Wilson claims that humans are a eusocial species - even though we mostly lack one of the primary traits associated with eusociality - namely reproductive division of labour. Wilson doesn't explain that his use of the term is unorthodox and controversial.

Wilson's examples of eusociality are all from animals. He lists beetles, aphids, thrips, shrimps, mole rats and humans. However there are other examples of social behaviour among microbes, plants and fungi. In particular multicellularity is a common form of eusociality. The examples of its evolution illuminate the topic of social evolution. However, Wilson makes no use of these examples.

Wilson attempts to apply the study of animal social evolution to humans - and this leads him to the kin selection (or group selection) axis. While important, this leads to a pretty myopic perspective on human social behaviour, which is heavily influenced by reciprocity, reputations, byproduct mutualism - and manipulation of humans by memes. You can't really coherently discuss human social evolution without casting your net wider than this.

Lastly, the book ends up with a review of cultural evolution in humans. In the 1980s Wilson was a pioneer in applying biology to human culturally-transmitted behaviour, writing two books on this topic. Wilson at least understands that culture evolves - and that memes coevolve with genes. However, his older books promoted a pre-memetics perspective, in which everything boiled down to DNA genes. Checking to see if Wilson had moved on 40 years later, I was surprised to find that little had changed. He cited his old work, and trotted out much the same theory that he advocated back in the 1980s. This idea has been totally superseded in the mean time by the application of Darwinian evolutionary theory directly to cultural variation - along the lines pioneered by Richard Dawkins in 1976. Wilson's discussion of this work is confined to one paragraph. He chastises the researchers involved for paying insufficient attention to the interactions between genes and memes - and then launches into a laundry list of such interactions.

This hopeless treatment of cultural evolution might not matter - but this is one of the few books addressing the topic that I regularly see in bookshops. This might be the first exposure to the topic for many. A teaching opportunity has been squandered, because Wilson is stuck back in the 1970s on the topic and has failed to grok most of the more recent literature.

In the book, Wilson expands on his old claim that genes keep memes on a leash by presenting an argument against the possibility of a memetic takeover. He says:

I am further inclined to discount the widespread belief that robotic intelligence will overtake and potentially replace human intelligence.

What are Wilson's reasons? He goes on to give them, saying:

To advance from robot to human would be a task of immense technological difficulty. But why should we even wish to try? Even after our machines far exceed our outer mental capacities, they will not have anything resembling human minds.

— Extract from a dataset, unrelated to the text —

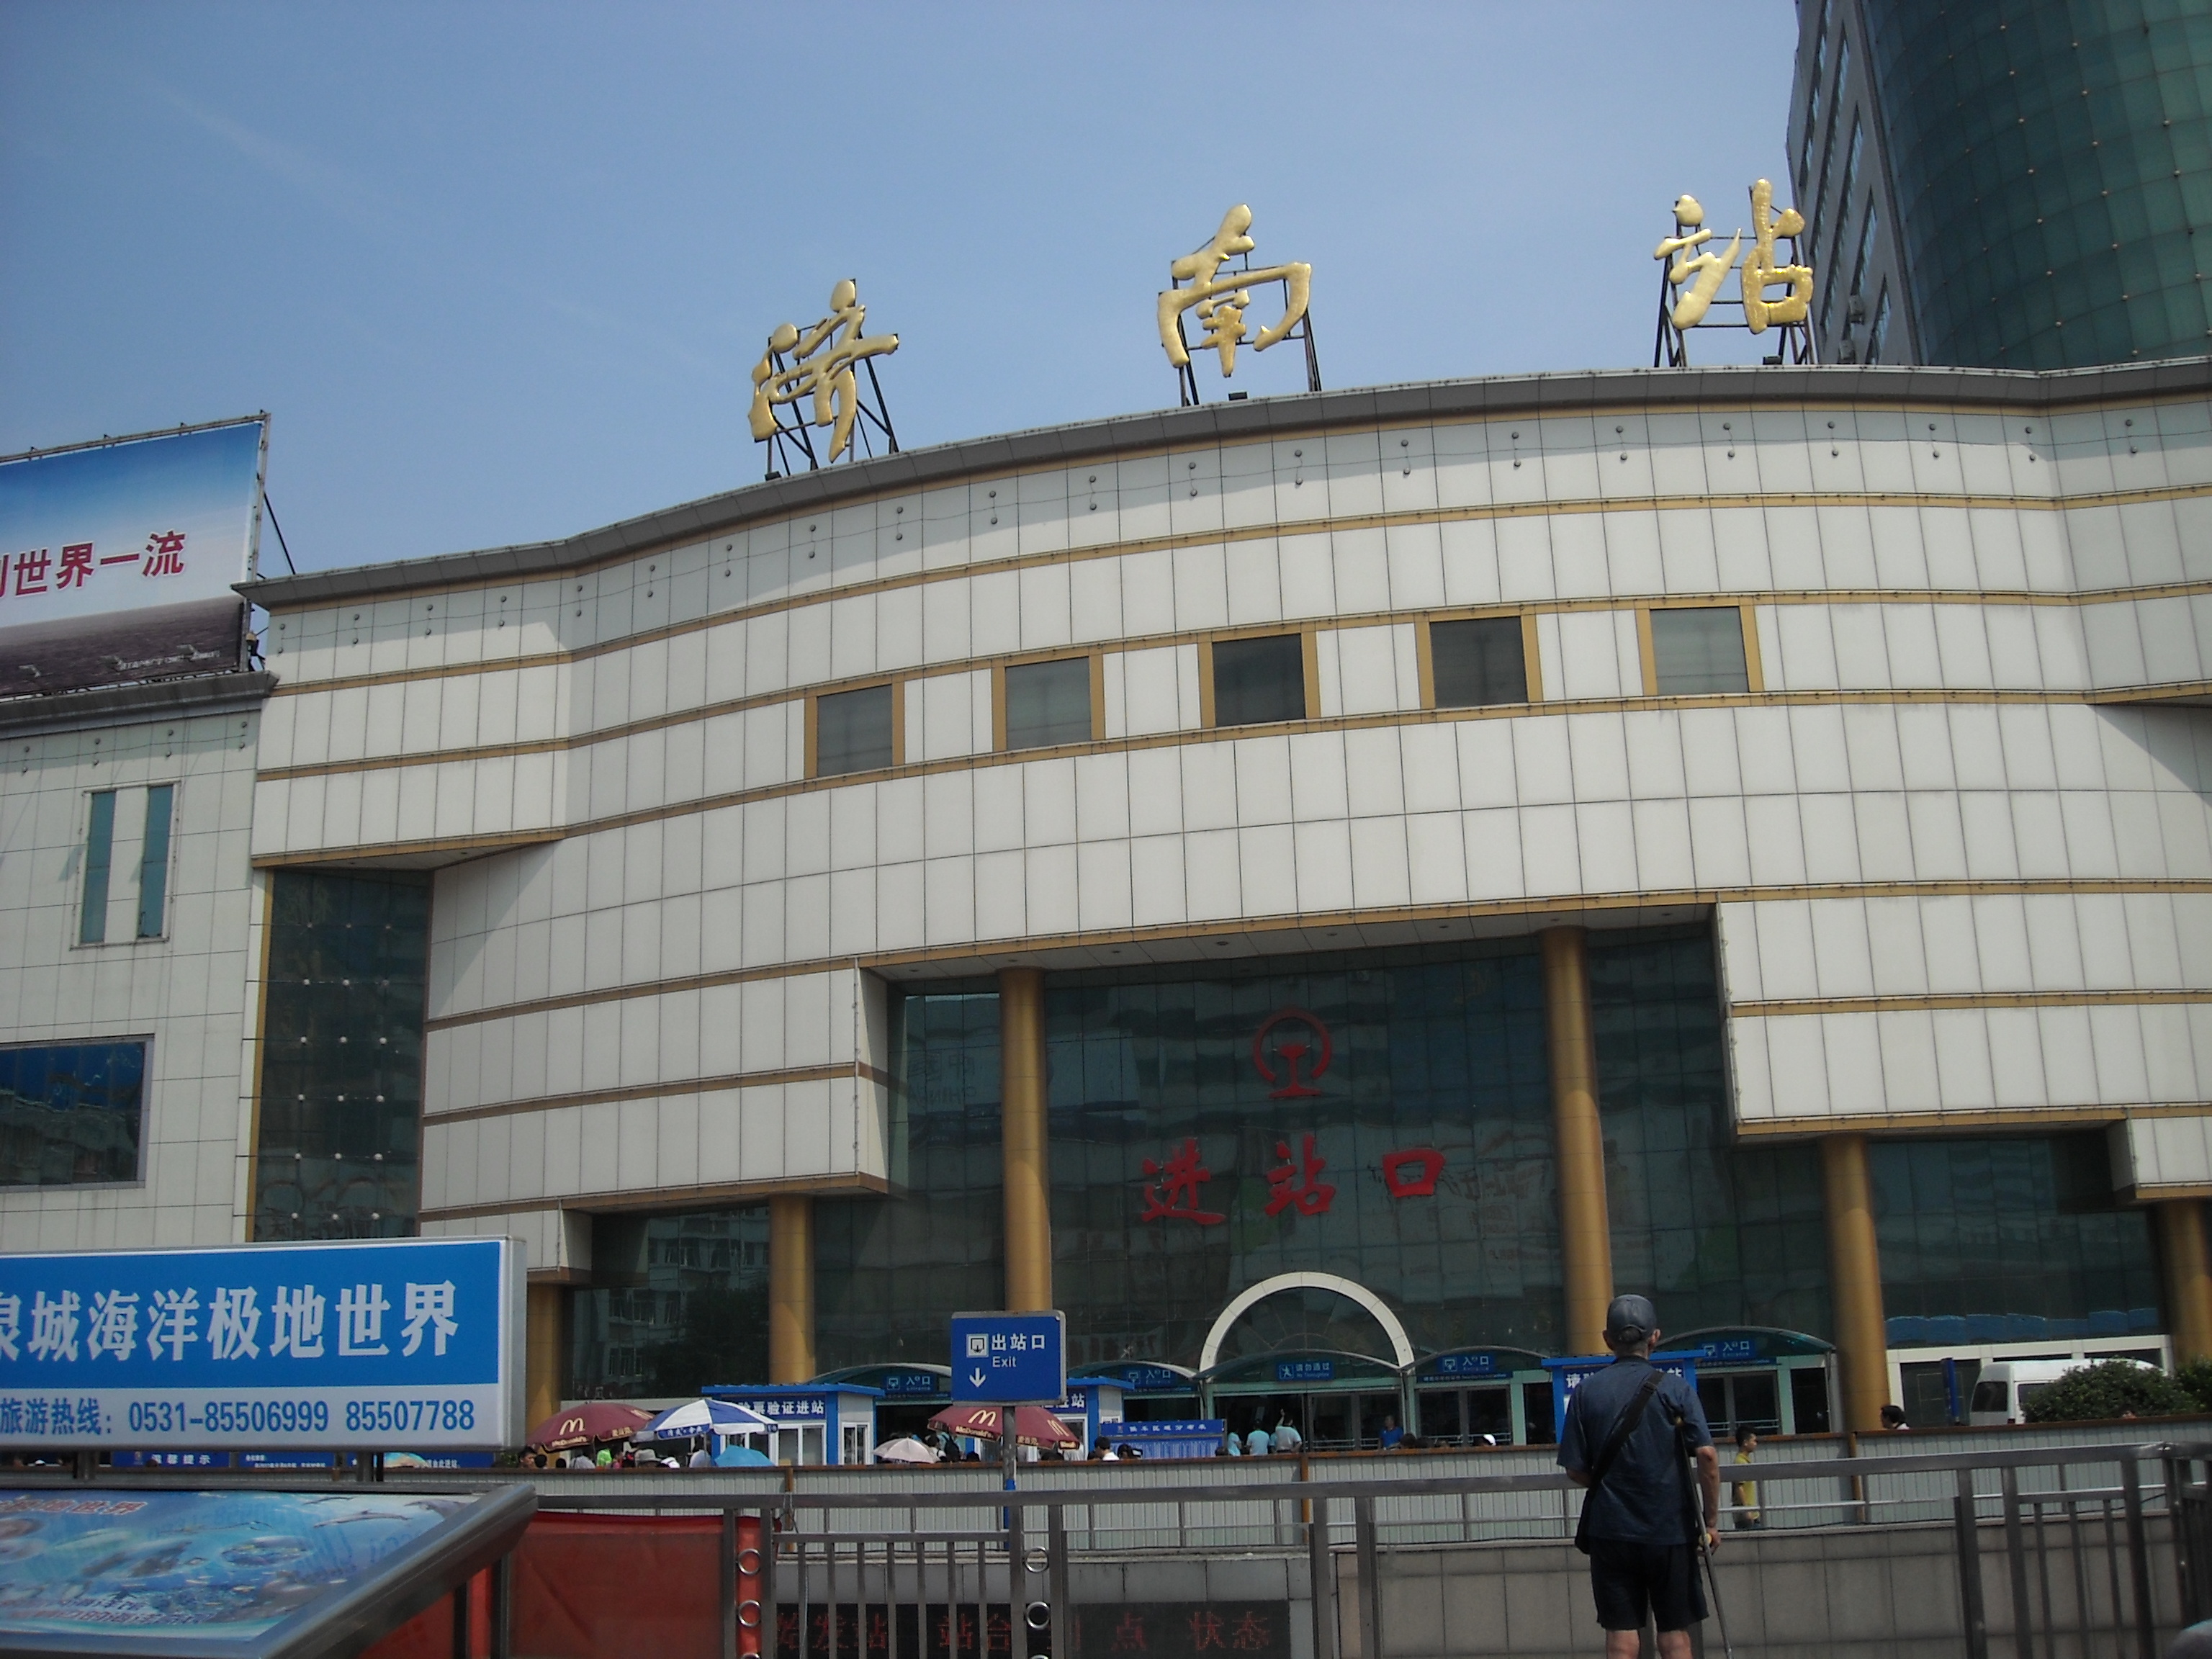 济南火车站旅游图片,济南火车站自助游图片,济南火车站旅游景点照片

In any case, we do not need such robots, and we will not want them. The biological human mind is our province.

Wilson's objection seems simple-minded to me. He gives me no reason to think that he knows much about machine intelligence or futurism. He's just a famous biologist speculating on something about which he knows little. The idea that people will lack motivation to build superhuman intelligent machines just seems daft to me. The motivation is obvious.

So: this is not a good book. It is quite readable, but it's full of outdated or wrong science. Readers should be warned that, while Wilson speaks authoritatively, he doesn't really know what he's talking about in many places.